Simple configuration of a new Python IntelliJ IDEA project with working pyspark. I was inspired by "Pyspark on IntelliJ" blog post by Gaurav M Shah, I just removed all the parts about deep learning libraries.
I assume that you have a working IntelliJ IDEA IDE with Python plugin installed, and Python 3 installed on your machine.
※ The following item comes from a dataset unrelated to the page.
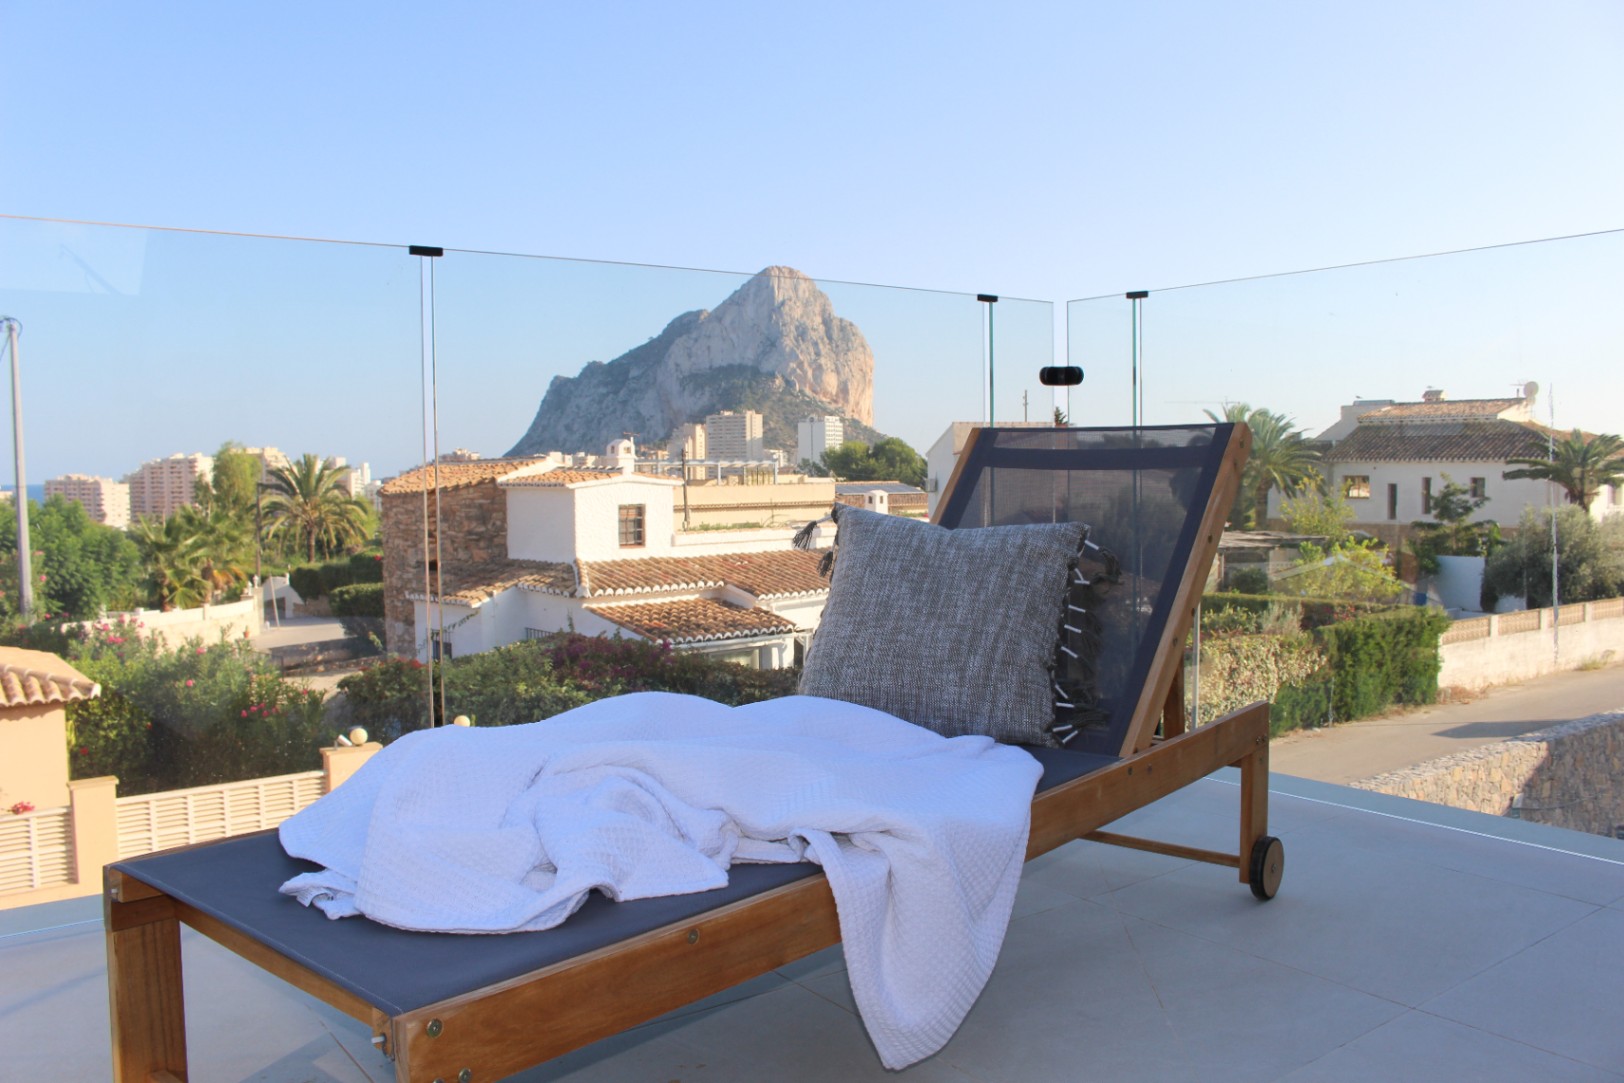 TERRACED HOUSES IN THE BEST LOCATION TO ACCESS THE BEACH OF CALPE ON FOOT AND WITH UNOBSTRUCTED VIEWS
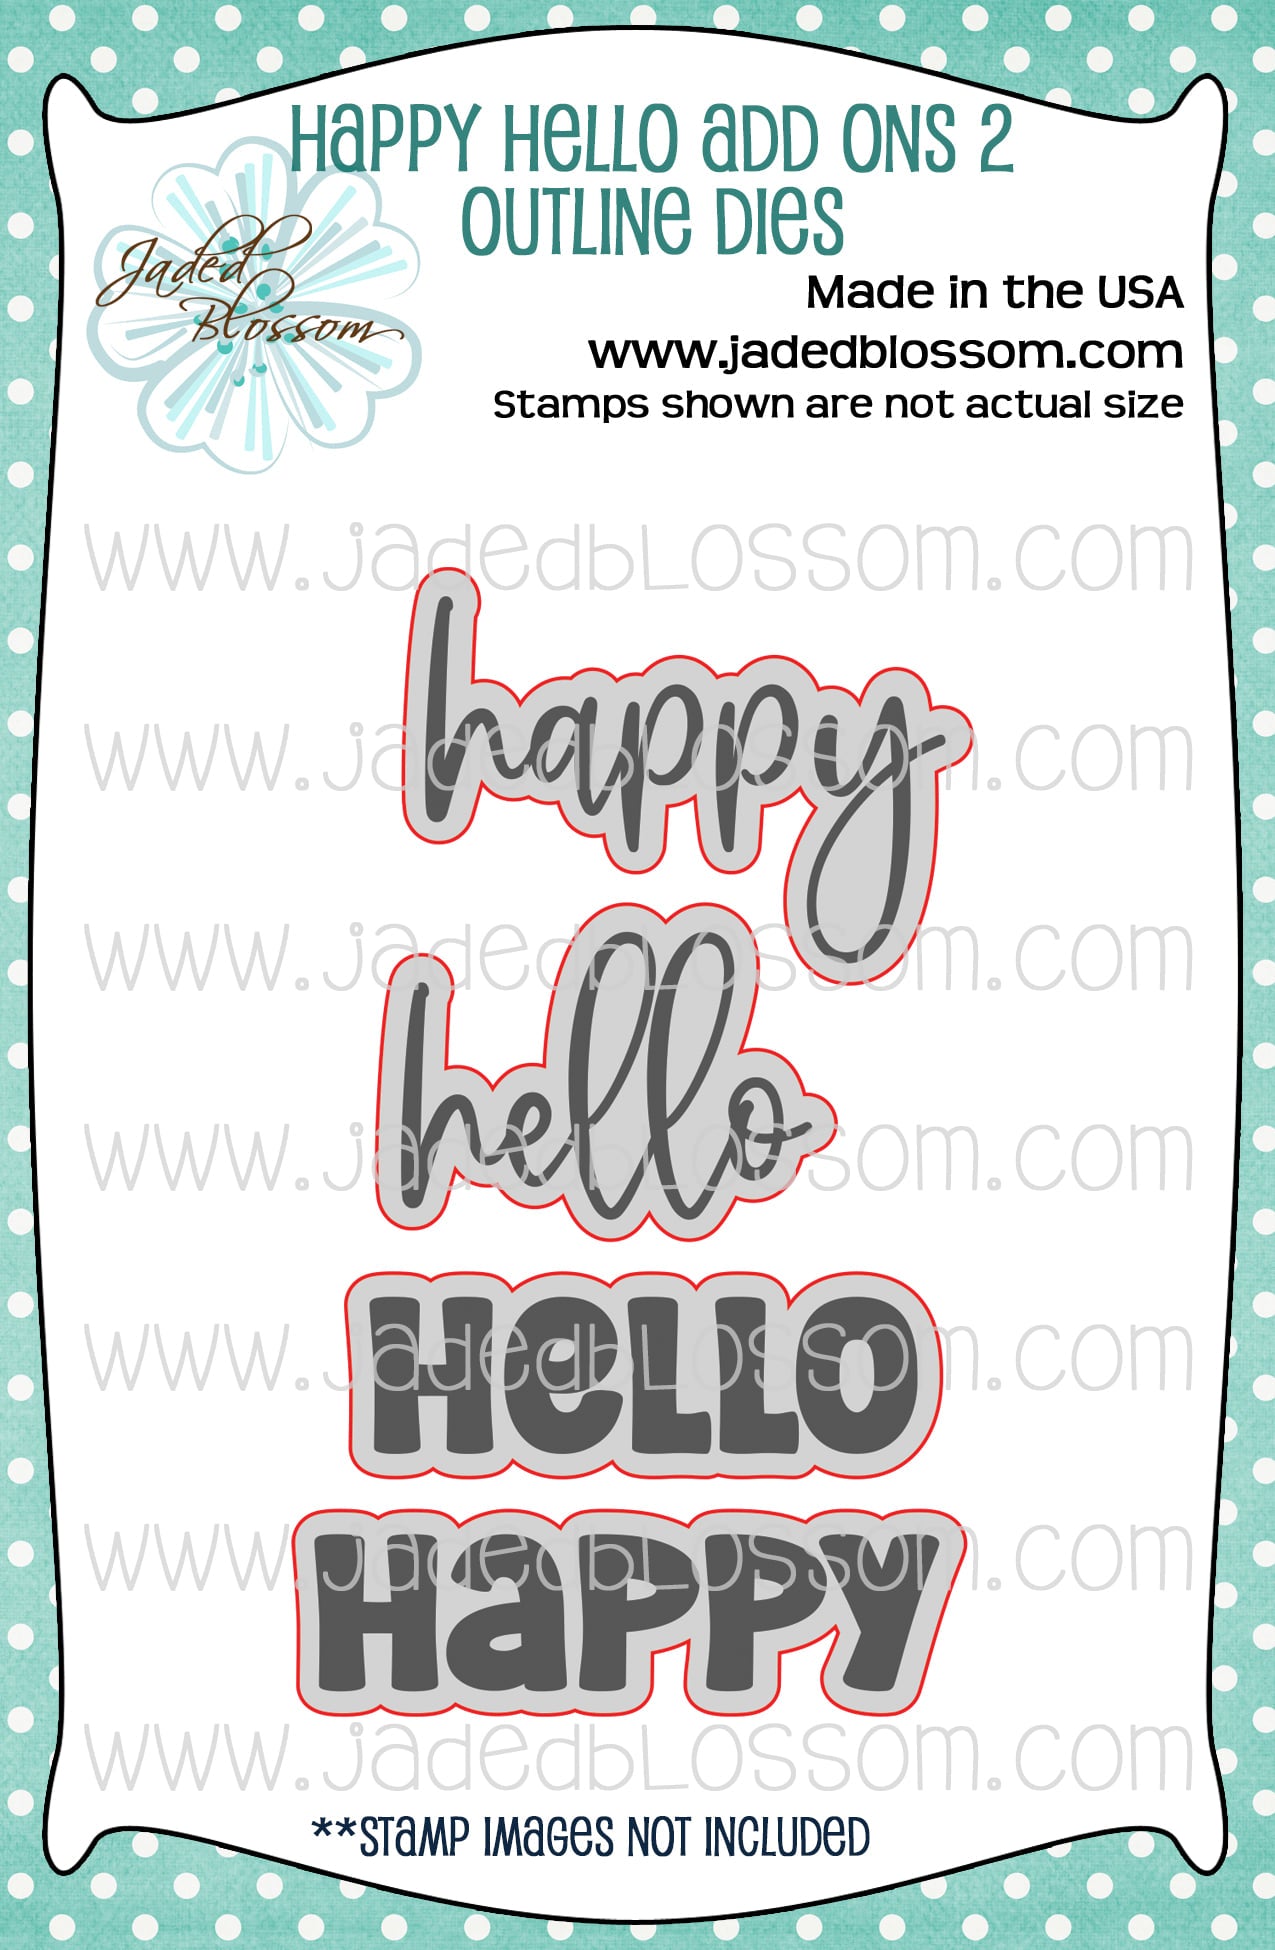 Happy Hello Add Ons 2 Outline Dies

We will create a Python project in IntelliJ IDEA, change its Python SDK to a virtualenv based Python SDK, add Pyspark dependency to this VirtualEnv, install Pyspark in this VirtualEnv and finally test it using a small Pyspark hello world.
Create a Python Project
-
Open Intellij IDEA
-
Click on File → New → Project
-
Select Python and click Next, do not select any additional libraries
-
Do not tickle "Create project from template" and click Next
-
Name your project and click Finish
Create new Python SDK using VirtualEnv
-
Go to File → Project Structure
-
In Project Structure window, go to SDKs section
-
Click on the
+
on top of window → Add Python SDK -
Go to Virtualenv Environment section
-
Click OK, the new Virtual Environment base directory will be
/venv
in your project’s root directory
Change Python SDK used by project
-
In Project Structure window, go to Project section
-
Select the Python SDK created in previous section in dropdown menu in Project SDK section
-
Click on Apply
Add Pyspark Dependency to VirtualEnv
-
In your project root directory, create file
requirements.txt
containing the following line:
pyspark==3.0.1
Download Pyspark Dependency in VirtualEnv
-
In a terminal, go to your project root directory
-
Activate the virtual environment
% source venv/bin/activate
-
Install Pyspark dependency in VirtualEnv
% pip install -r requirements.txt Collecting pyspark==3.0.1 Downloading pyspark-3.0.1.tar.gz (204.2 MB) |████████████████████████████████| 204.2 MB 94 kB/s Collecting py4j==0.10.9 Downloading py4j-0.10.9-py2.py3-none-any.whl (198 kB) |████████████████████████████████| 198 kB 8.0 MB/s Using legacy 'setup.py install' for pyspark, since package 'wheel' is not installed. Installing collected packages: py4j, pyspark Running setup.py install for pyspark ... done Successfully installed py4j-0.10.9 pyspark-3.0.1 pip install -r requirements.txt 9,10s user 2,80s system 47% cpu 24,840 total
-
Deactivate virtual environment
% deactivate
Test your Project’s configuration
-
In root directory of your project, create a file
PysparkTest.py
, containing the following lines:
from pyspark.sql import SparkSession sparkSession = SparkSession.builder.appName("test").getOrCreate() sparkSession.createDataFrame([(1, "value1"), (2, "value2")], ["id", "value"]).show()
-
Run this file in your Intellij IDEA IDE (Right click on file → Run). You should get something similar to the lines below:
/home/vincent/Projets/Personnel/pyspark-sandbox/venv/bin/python /home/vincent/Projets/Personnel/pyspark-sandbox/PysparkTest.py 21/01/24 15:07:14 WARN Utils: Your hostname, clementine resolves to a loopback address: 127.0.1.1; using 192.168.1.13 instead (on interface wlp3s0) 21/01/24 15:07:14 WARN Utils: Set SPARK_LOCAL_IP if you need to bind to another address 21/01/24 15:07:15 WARN NativeCodeLoader: Unable to load native-hadoop library for your platform... using builtin-java classes where applicable Using Spark's default log4j profile: org/apache/spark/log4j-defaults.properties Setting default log level to "WARN". To adjust logging level use sc.setLogLevel(newLevel). For SparkR, use setLogLevel(newLevel). +---+------+ | id| value| +---+------+ | 1|value1| | 2|value2| +---+------+